Lead AI Engineer (Vision model customization, VML)
Job Description
Lead AI Engineer focusing on vision model customization and LLM optimization within Capital One's Intelligent Foundations and Experiences (IFX) team.
Responsibilities
- Collaborate with engineers, research scientists, technical program managers, and product managers to deliver AI powered products that transform how associates work and how customers interact with Capital One.
- Design, develop, test, deploy, and support AI software components including foundation model training, large language model inference, similarity search, guardrails, model evaluation, experimentation, governance, and observability.

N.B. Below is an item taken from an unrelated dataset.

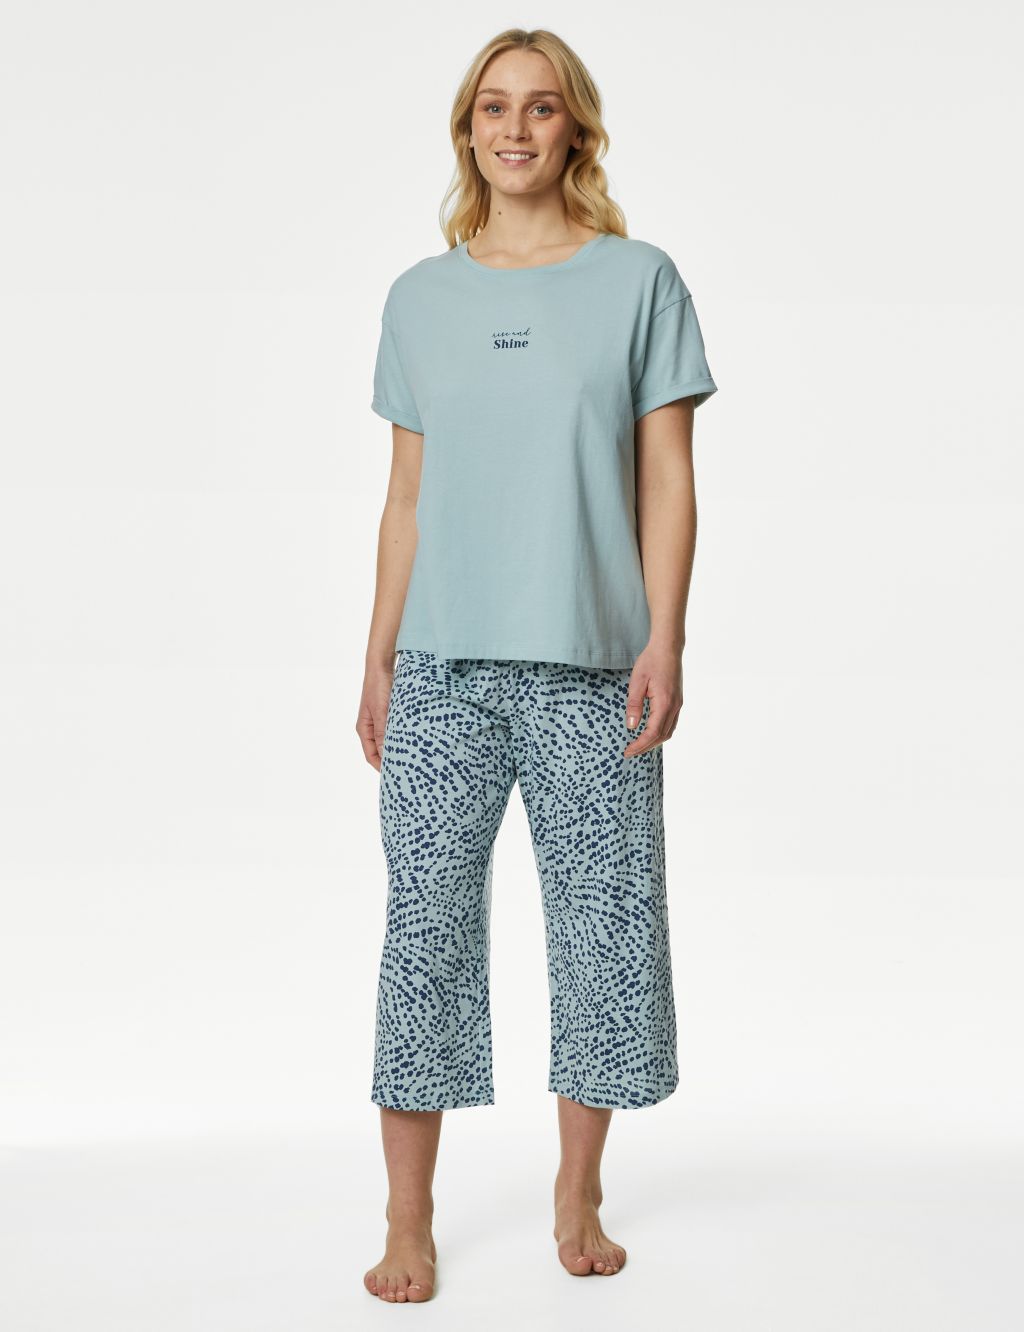 Pajama Camisole Top and Shorts - Cream/roses - Ladies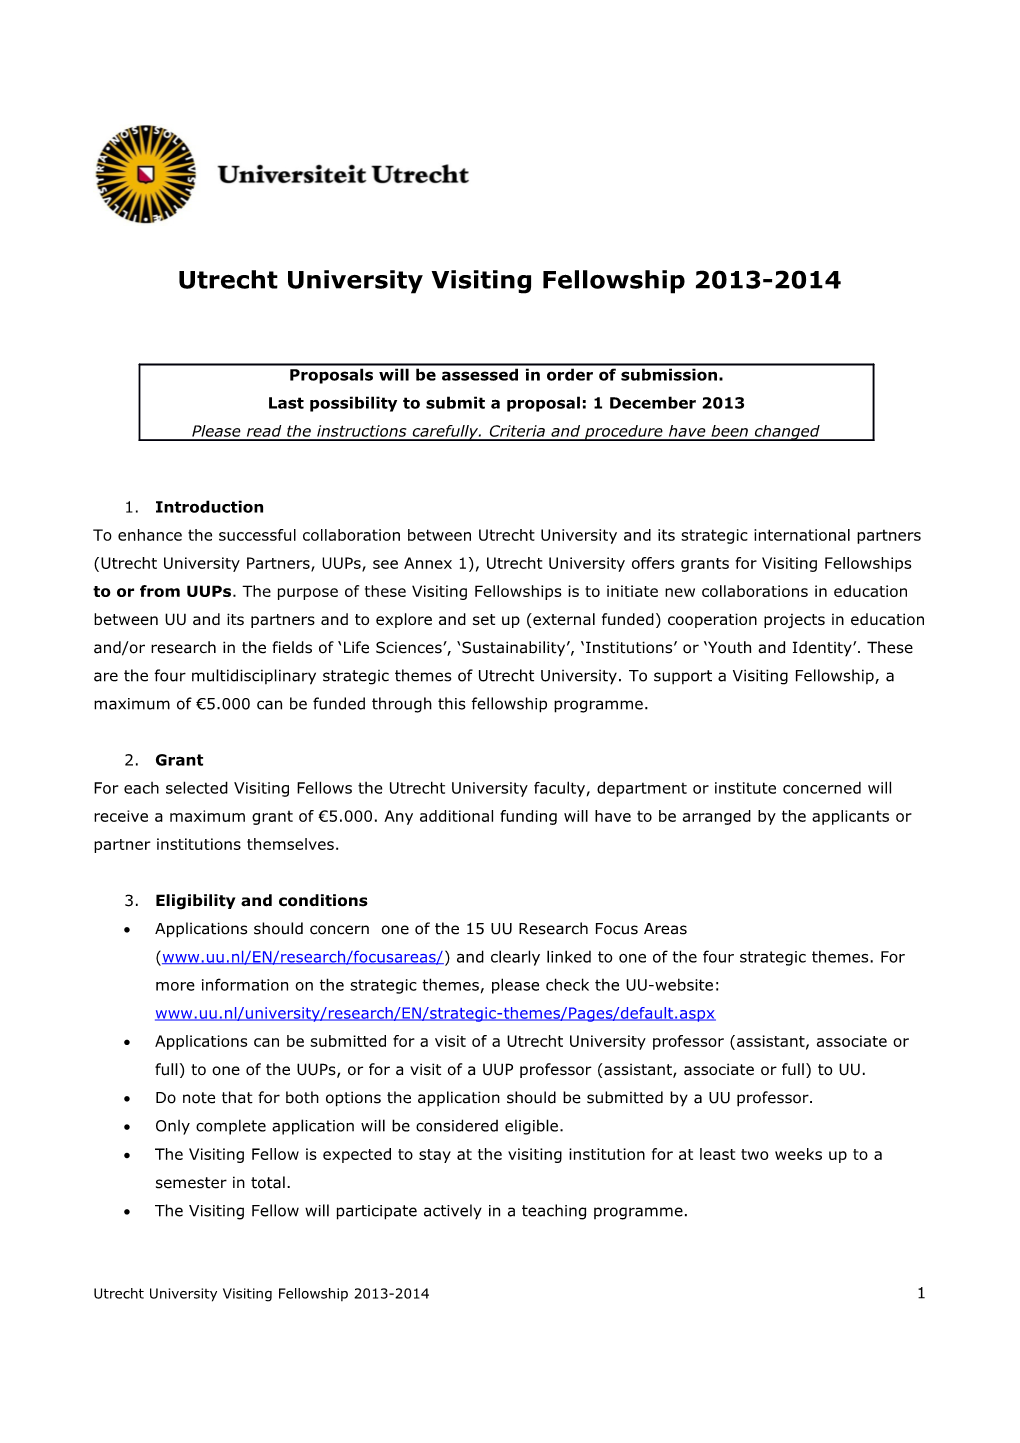 Utrecht University Visiting Fellowship 2013-2014

- Leverage a broad stack of Open Source and SaaS AI technologies such as AWS Ultraclusters, Huggingface, VectorDBs, Nemo Guardrails, PyTorch, and more.
- Invent and apply state-of-the-art LLM optimization techniques to improve scalability, cost, latency, and throughput of large scale production AI systems.
- Contribute to the technical vision and long term roadmap of foundational AI systems at Capital One.
Requirements
- Bachelor's degree in Computer Science, AI, Electrical Engineering, Computer Engineering, or related fields plus at least 4 years of AI/ML algorithm or technology development experience, or a Master's degree in the same fields plus at least 2 years of experience.
- At least 4 years of experience programming with Python, Go, Scala, or Java.
- 6 years of experience deploying scalable and responsible AI solutions on cloud platforms (e.g., AWS, Google Cloud, Azure, or equivalent private cloud).
- Experience designing, developing, delivering, and supporting AI services.
- Experience developing AI and ML algorithms or technologies (e.g., LLM Inference, Similarity Search and VectorDBs, Guardrails, Memory) using Python, C++, C#, Java, or Golang.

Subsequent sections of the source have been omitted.